I happen to agree with Kaiser; using lines helps tie together the separate data points so you can more easily see trends and make comparisons.

I applied this treatment to the social demographics data from the original infographic. You can see the results below (interactive version here):

This approach certainly has its merits. You can clearly see that for most social media platforms, participation rates increase with age. Google+ is the obvious exception and the trend for Reddit is flat. As you'd expect, the trend is most stark for LinkedIn; the professional network.

The interactive version also has examples of the data plotted using point charts and bar charts (stacked and clustered). None of which I feel work as well as the simple line chart. For example, here's a clustered bar chart.
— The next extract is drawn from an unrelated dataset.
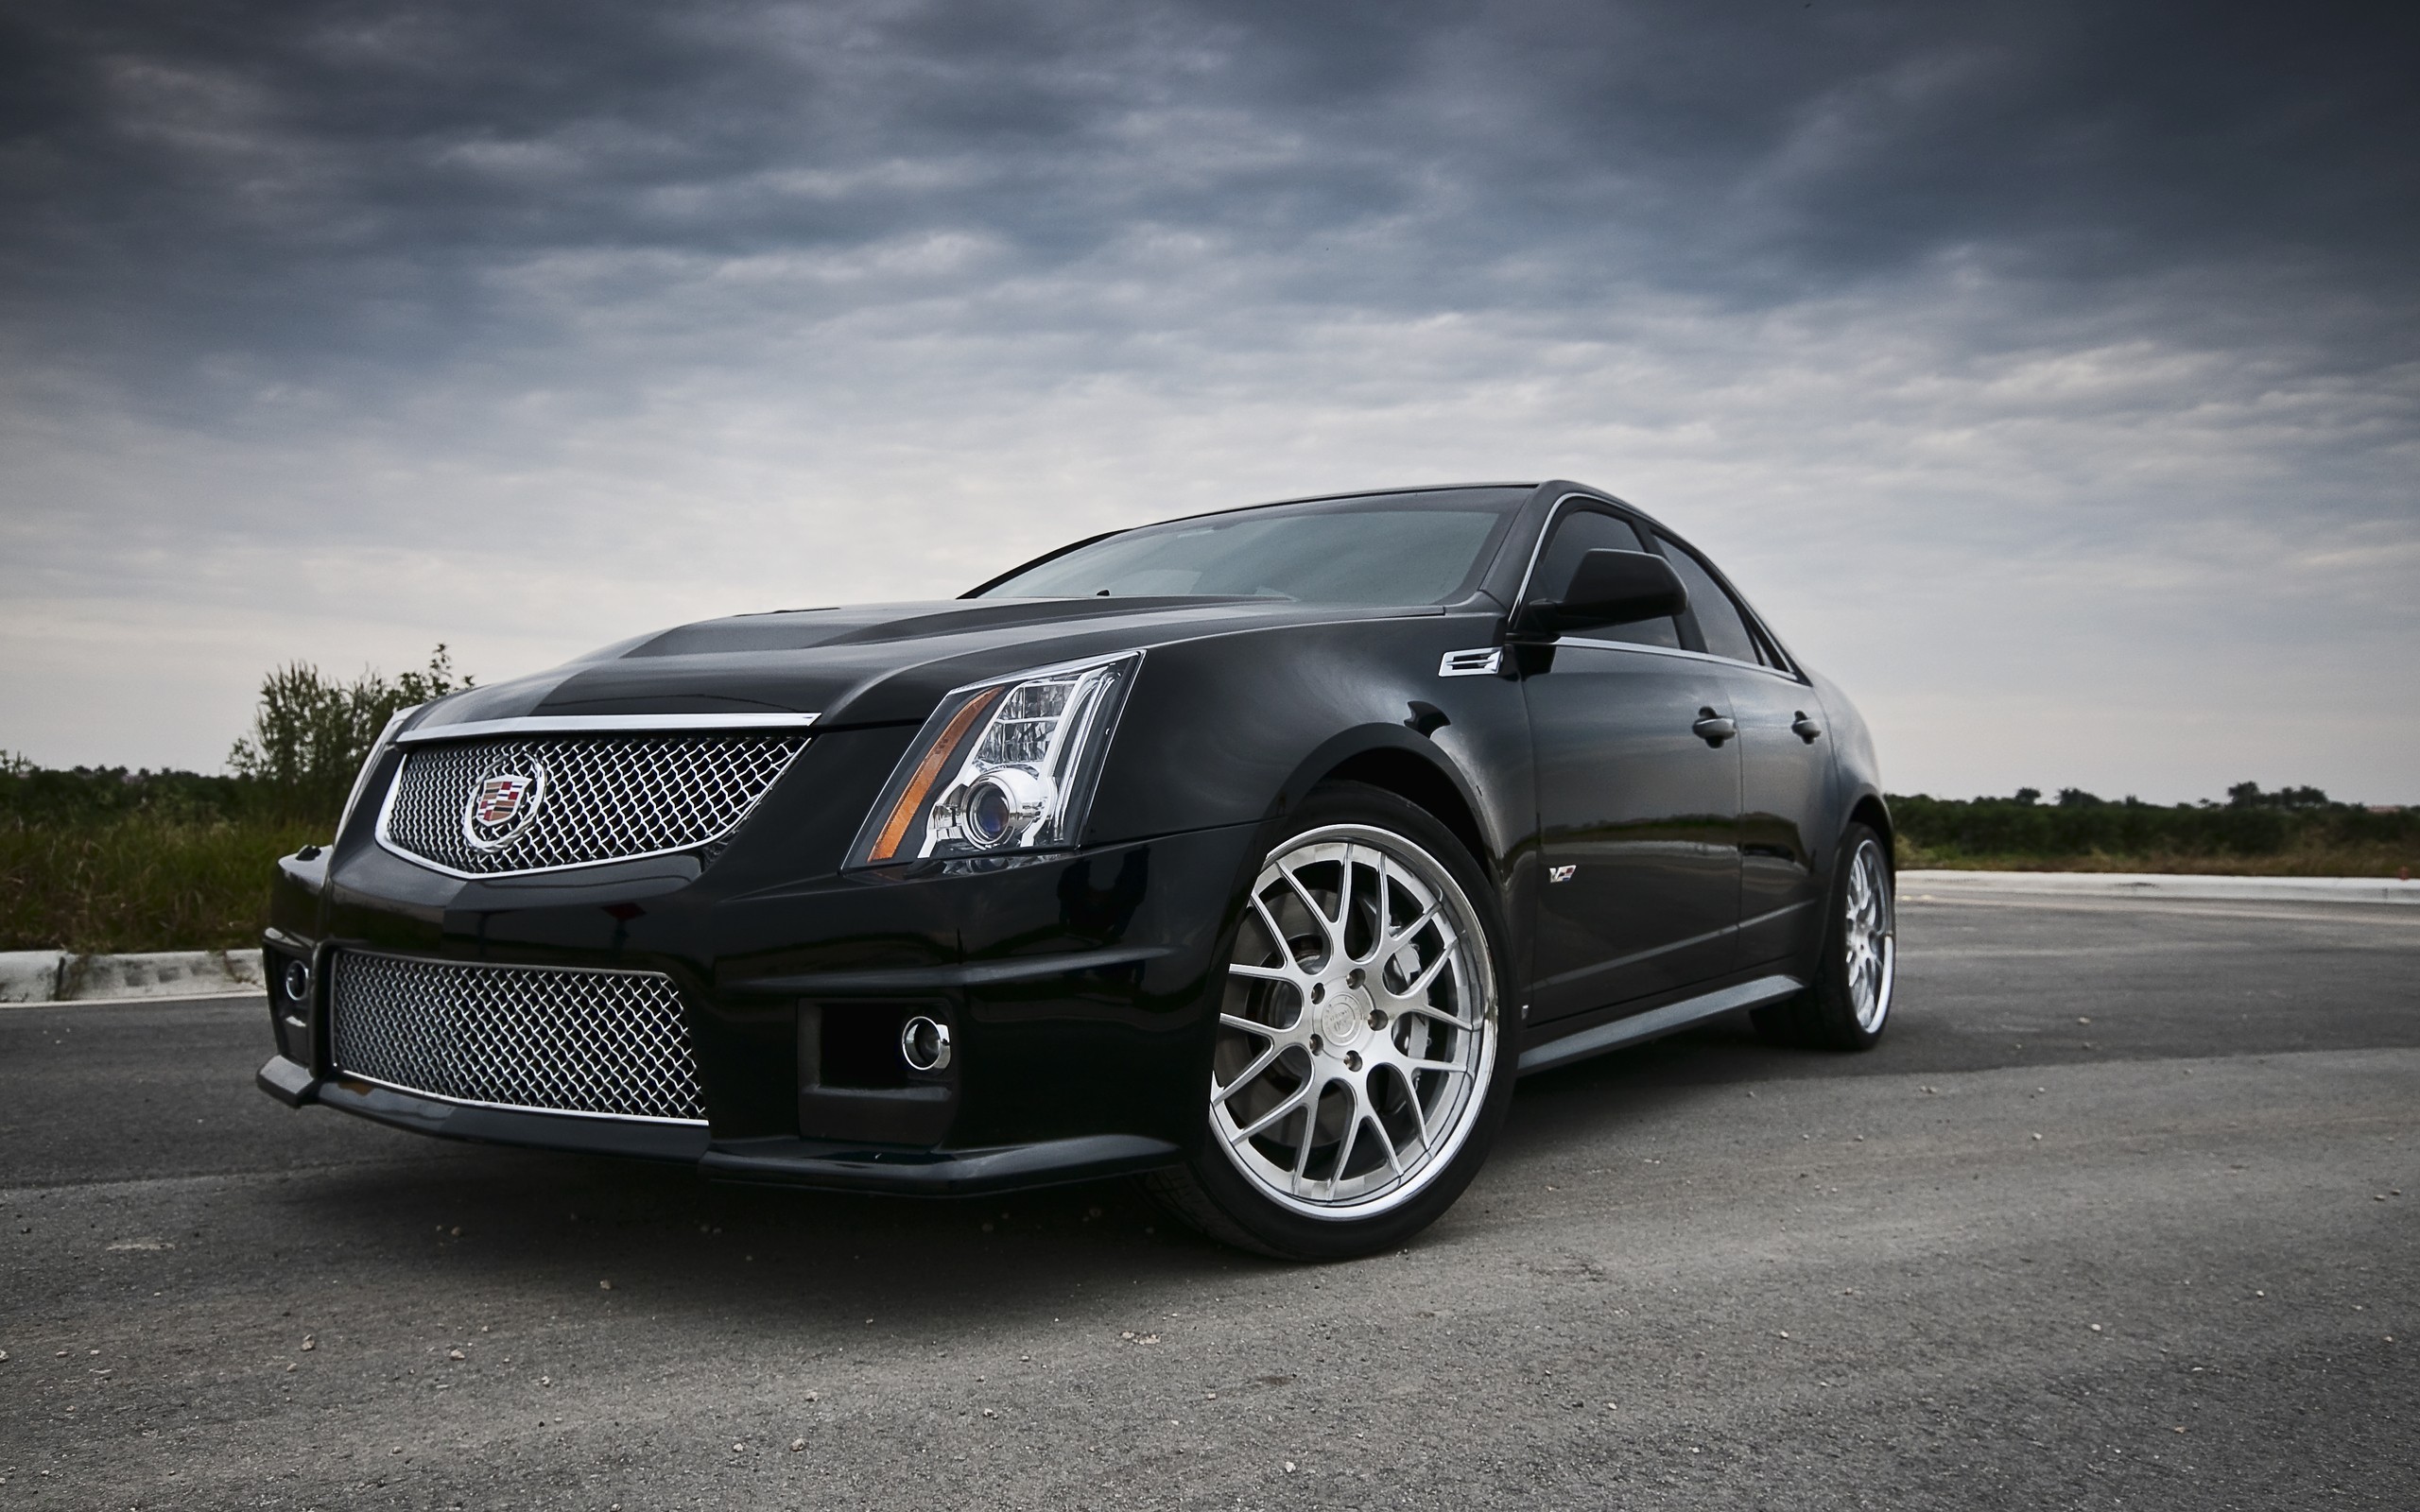 black, Cars, Vehicles, Supercars, Tuning, Wheels, Racing, Sports, Cars, Luxury, Sport, Cars, Cadillac, Cts, Speed, Automobiles Wallpaper

I think it's important not to reflexively rule out line charts when dealing with categorical data as the technique can yield useful insights.

Update (2013-02-22)

During further discussion on the LinkedIn Data Visualization group, Bill Droogendyk referenced an excellent article on the subject of visualizing quantitative data by one of my favourite viusualization thought leaders, Steven Few. The article entitiled "Quantitative vs. Categorical Data: A Difference Worth Knowing" discusses the different types of categorical data:
  • nominal
  • ordinal
  • interval
Using Few's nomenclature, the Age axis used in the charts above is an interval scale, for which Few recommends line (and bar) charts. Kaiser Fung's example uses an ordinal scale. At first glance some interpret it as nominal but fail to notice the following treatment:
I sorted the schools by the ratio of three-pointers to midrange jump shots.

By ranking the schools, the scale Fung uses is ordinal. Now here is where Fung and Few differ. Few advises against using line charts with ordinal scales, whereas Fung does so quite often.

I sit on the fence: I reckon it's worth considering a line chart for categorical data (interval & ordinal) and seeing for yourself.